Bizde ise uzmanların söylediklerine kulak tıkanıyor ve bu yüzden de hastalık bir türlü geçmiyor. Sorunlar daha da kalıcı hale geliyor.

Nesine şaşıracağım bu durumun?

Cumhurbaşkanı Tayyip Erdoğan’ın AKBK’nin Osman Kavala’nın serbest bırakılmasını isteyen tavrına verdiği “Bizim mahkemelerimizi tanımayan mahkemeyi biz de tanımayız” tepkisi de beni şaşırtmadı.

Anayasada (m. 90) AİHM kararlarının yerel mahkemeler tarafından uygulanması gerektiği belirtildiği halde hem de. [Maddenin ilgili bölümü şöyle: Usulüne uygun yürürlüğe konulmuş temel hak ve özgürlüklere ilişkin milletlerarası andlaşmalarla kanunların aynı konuda farklı hükümler içermesi nedeniyle çıkabilecek uyuşmazlıklarda milletlerarası andlaşma hükümleri esas alınır.”

Etrafımdan gelen “Osman Kavala bu defa serbest bırakılır” beklentisini zaten paylaşmıyordum. Tersine, seçime kadar geçecek süre içerisinde, müttefiki olduğumuz veya önemsememiz gereken ülkelerle ilişkilerimizin söylem planında iyileşmesini beklemiyorum.

Benimsenecek tavrın “Doğru olan biziz, onlar hep yanlışta ısrarcı” cümlesiyle özetlenebilecek bir tavır olacağı inancındayım.

Sadece içeride sertlik artmayacak, dışarıya karşı da sertleşilecek beklentisi var bende.

Yumuşak olmayan üslup bundan önceki birkaç seçimde iktidara prim yapmıştı, bu defa da aynı söylemin işe yarayacağının düşünüldüğüne dair güçlü belirtiler var.

Mısır’la başlayıp en son Ermenistan ve İsrail ile devamı getirilen aramızın açık olduğu ülkelerle arayı düzeltme hamlelerinden de, yine seçim kampanyaları göz önünde tutularak vazgeçilme ihtimali büyük.

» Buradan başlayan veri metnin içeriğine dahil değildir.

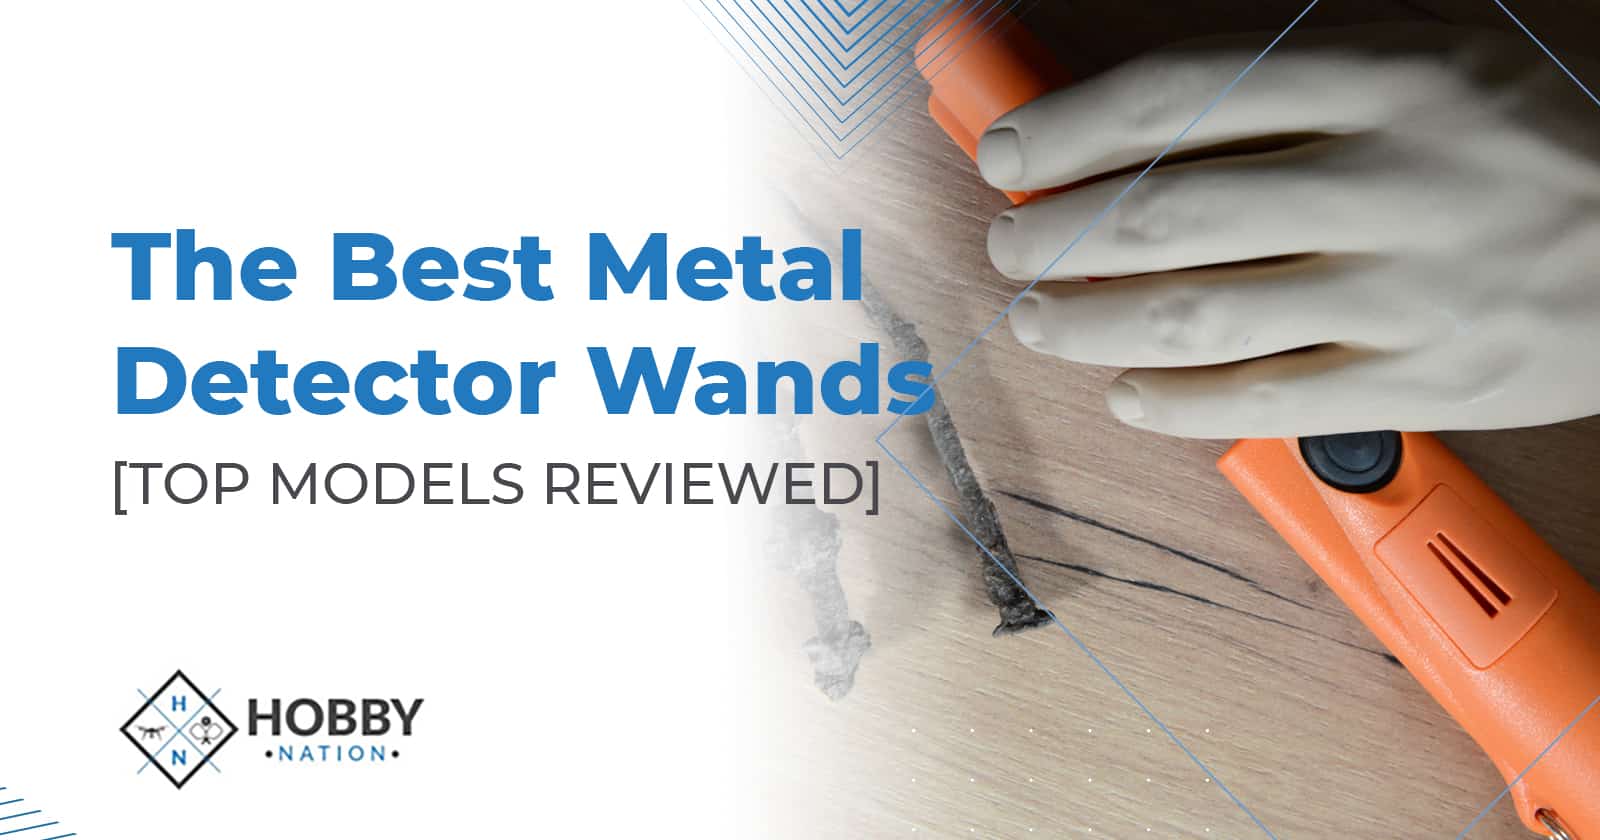 The Best Metal Detector Wands [TOP MODELS REVIEWED]

İyileşen ilişkiler mi daha fazla oy getirir, aranın açıklığı mı? Bu soruya “İkincisi” cevabı verildiği gün hükümette de buna uygun bir değişikliğe gidilebilir.

Adalet bakanlığındaki görev değişikliğine değinirken, Cumhurbaşkanı Erdoğan, gerektiğinde hükümette yine yeniden değişiklik yapabileceğini kendisi söyledi.

Cumhurbaşkanı seçiminde ‘yüzde 50+1 oy’ şartı devam ettiği sürece normalleşmeyi unutmak zorundayız.

Ülkemizdeki gelişmeleri izlerken bir yandan da gözüm başka coğrafyalarda.

Dün İngiliz gazeteleri yine başbakan Boris Johnson’u yerin dibine batıran haberler ve yorumlarla doluydu.

Hatta kız kardeşi Rachel Johnson’un da yazarlarından olduğu Muhafazakar Parti taraftarı Mail grubuna ait gazetelerde bile Boris Johnson’a öfke artıyor.

Daily Mail’in kıdemli köşe yazarlarından Stephen Glover’in dünkü yazısını ilgiyle okudum. İktidarın akıl almaz müsrifliğine değinen bir yazıydı bu. “Biz Thatcher’in yolundayız” iddiasını seslendiren iktidar sözcülerine “Thatcher’in tırnağı bile olamazsınız” tepkisini veriyordu yazar.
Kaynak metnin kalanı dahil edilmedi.